**TASK REQUIREMENTS:**
Starting at the line that contains "Kerbl díjugrató pálca paskolóval 65 cm", write out each line through the end of the data below, exactly as it stands. Skip any pictures.

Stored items
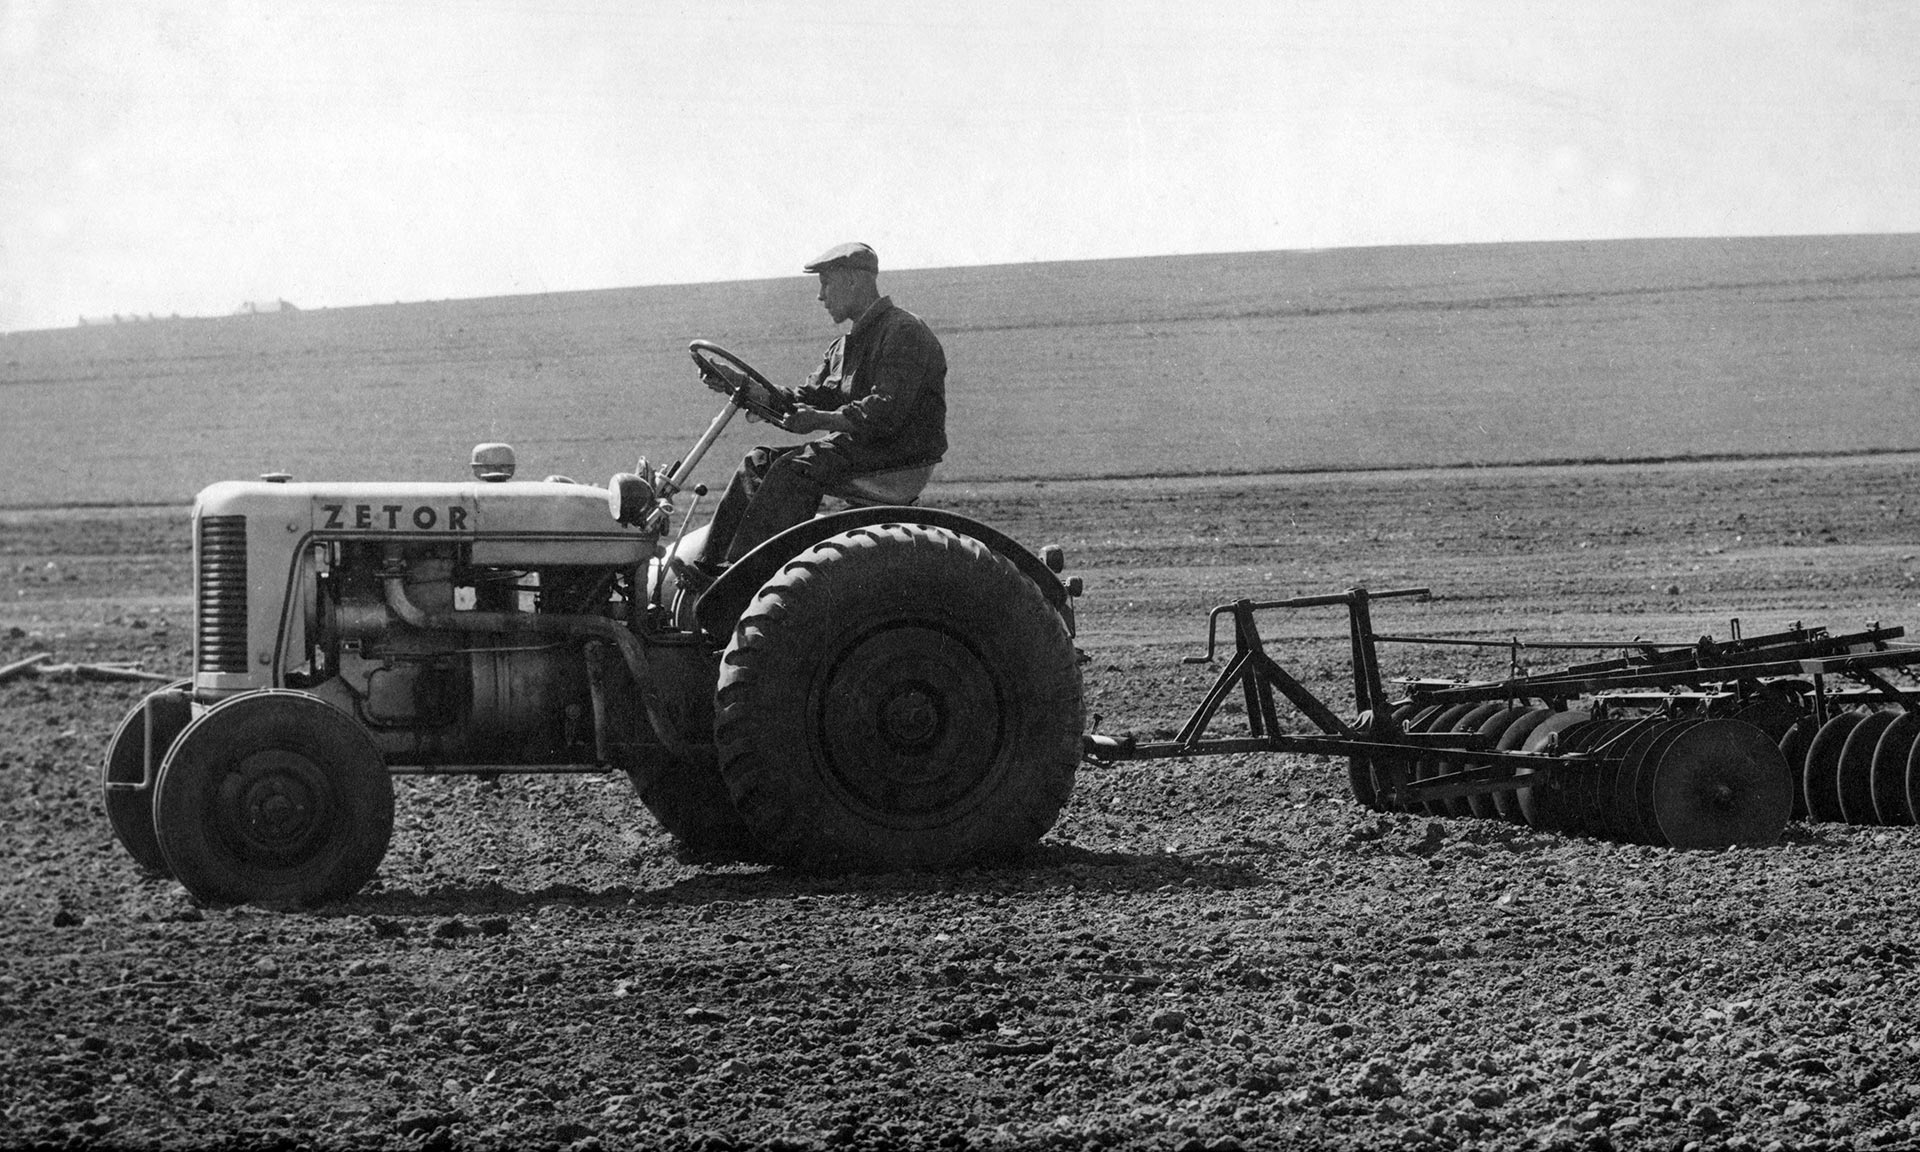 Český výrobce legendárních traktorů Zetor slaví výročí 75 let
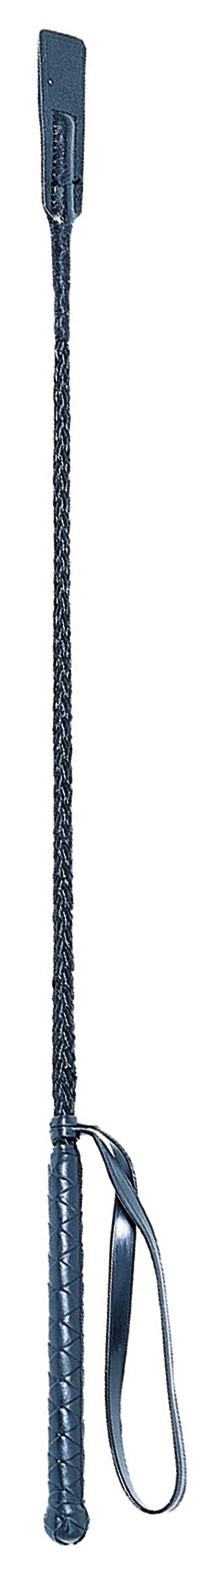 Kerbl díjugrató pálca paskolóval 65 cm
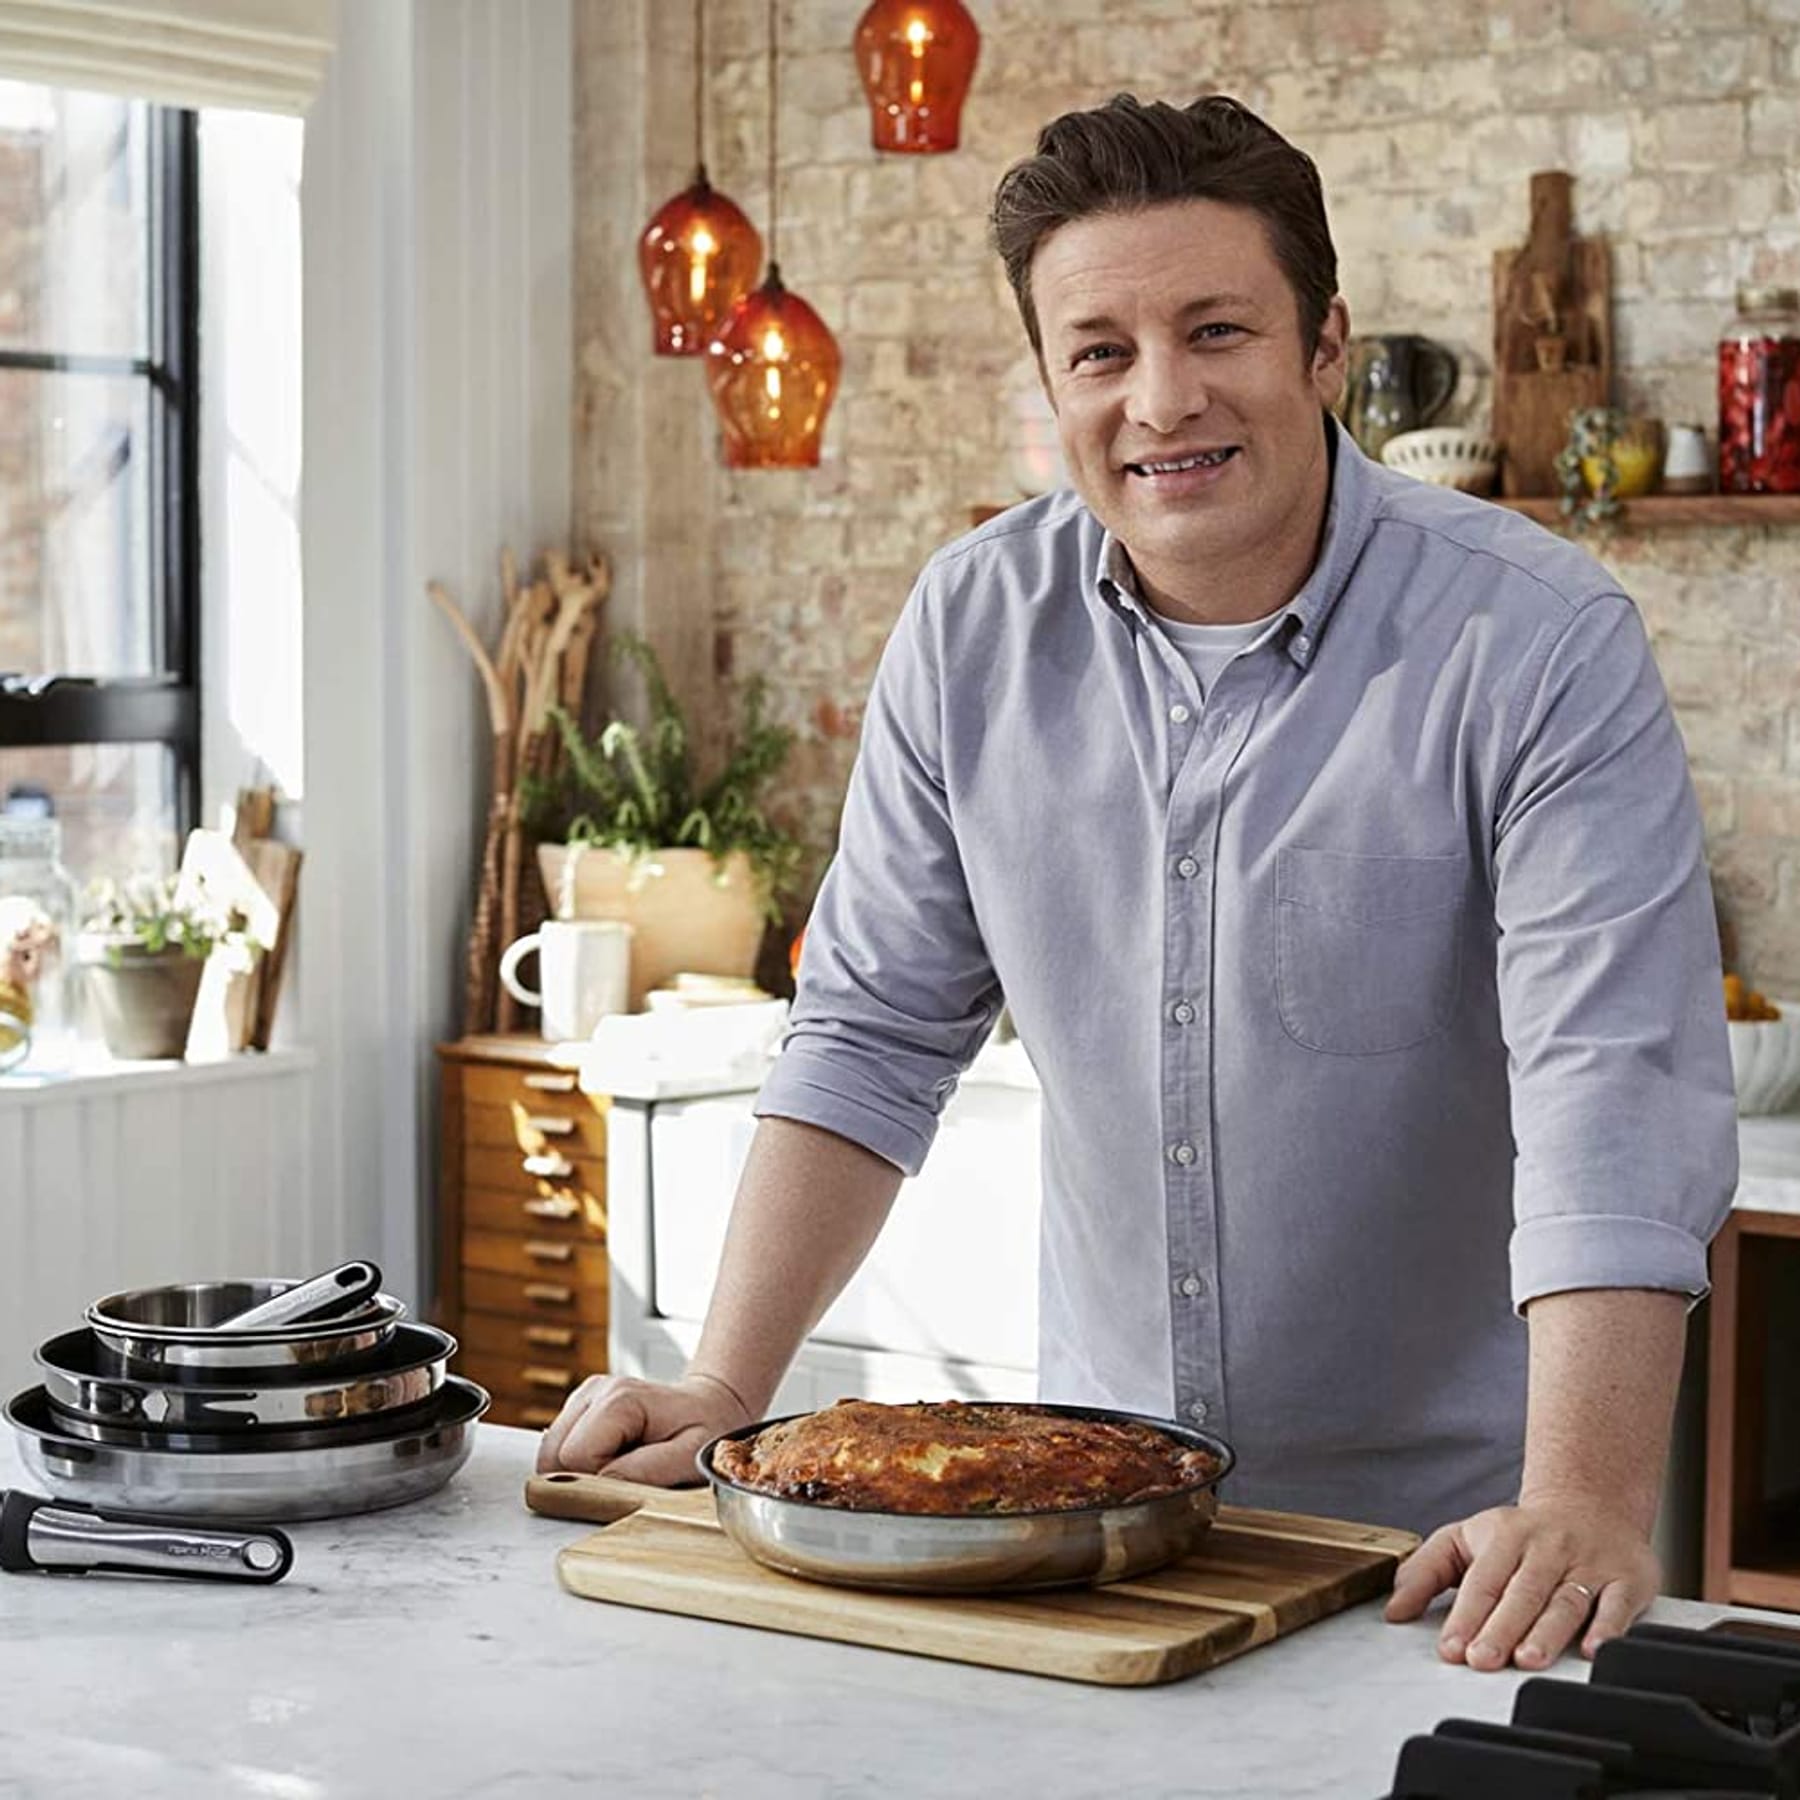 Unter 100 Euro! Jamie Oliver Pfannen von Tefal günstig wie nie bei Amazon
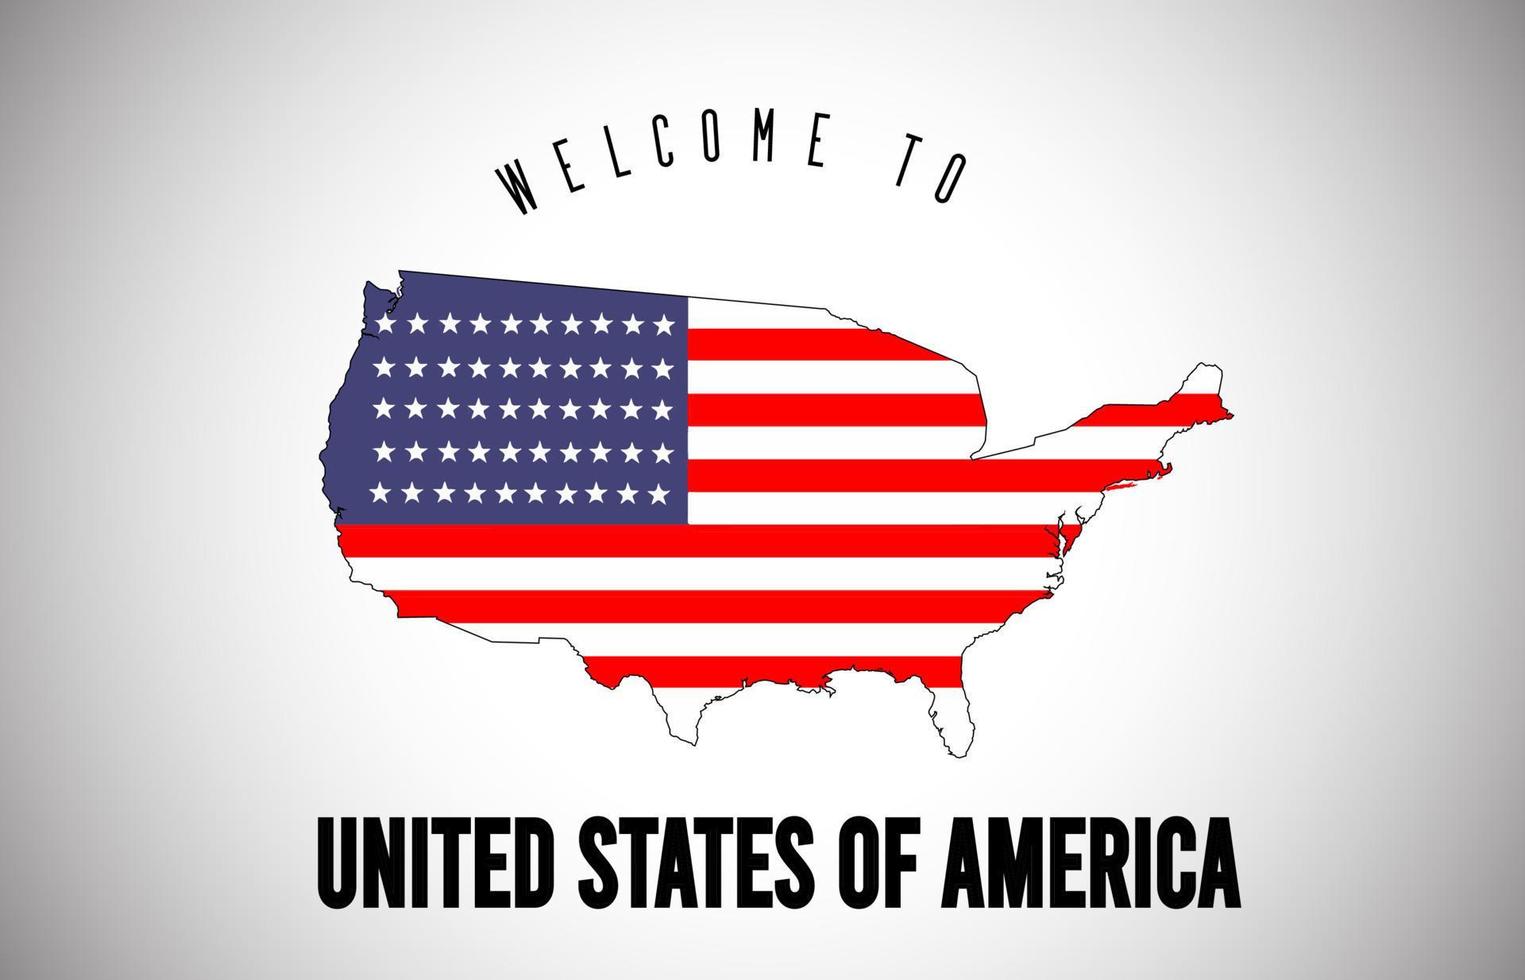 Stati Uniti d'America benvenuti nel testo e nella bandiera del paese all'interno del disegno vettoriale della mappa del confine del paese.
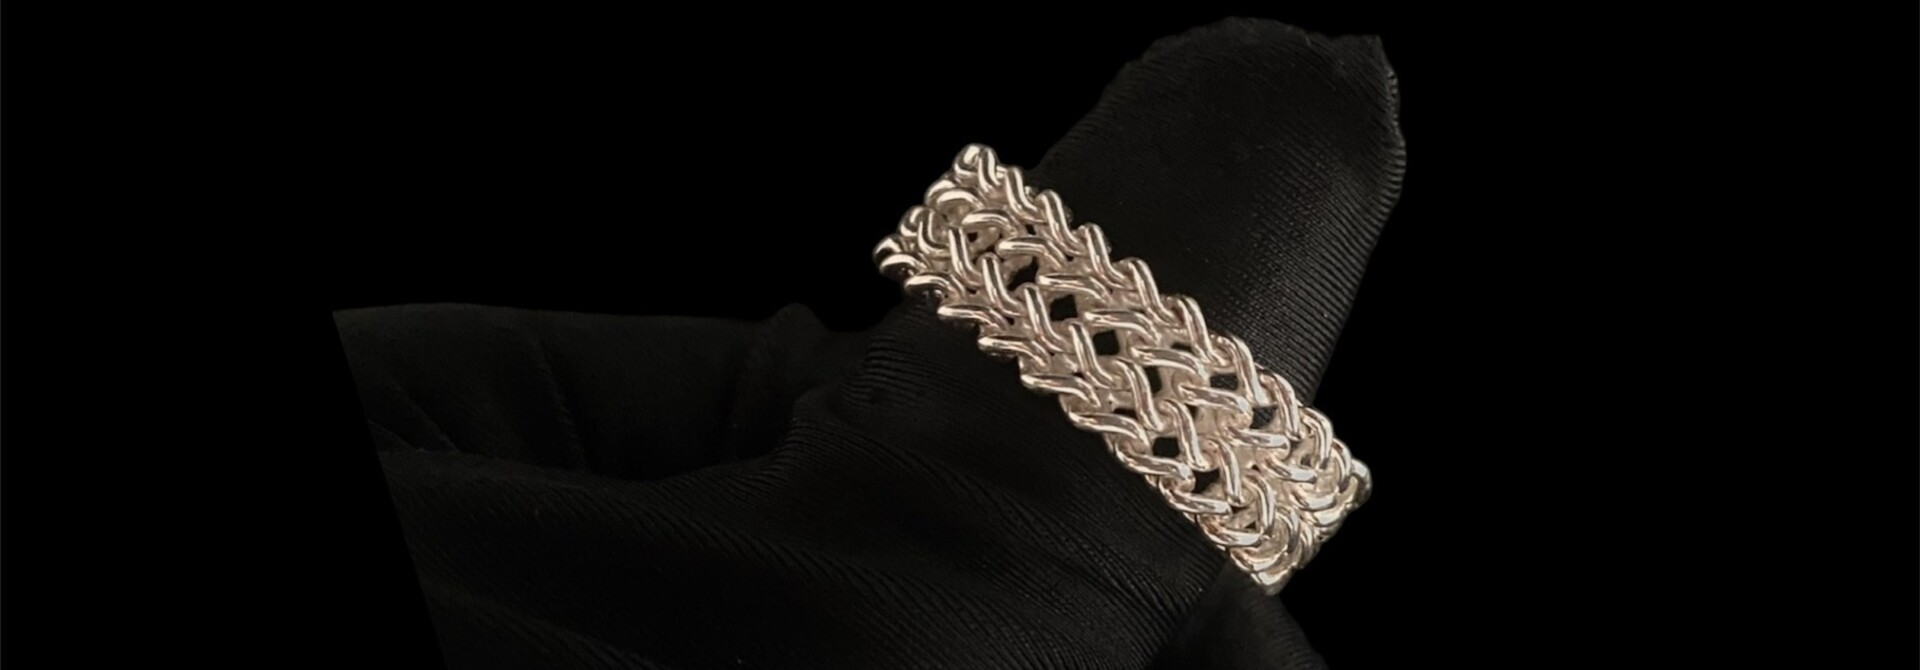 Ring zilver dubbele Franco chain flexibel

**ANSWER SECTION:**
 Kerbl díjugrató pálca paskolóval 65 cm
 Unter 100 Euro! Jamie Oliver Pfannen von Tefal günstig wie nie bei Amazon
 Stati Uniti d'America benvenuti nel testo e nella bandiera del paese all'interno del disegno vettoriale della mappa del confine del paese.
 Ring zilver dubbele Franco chain flexibel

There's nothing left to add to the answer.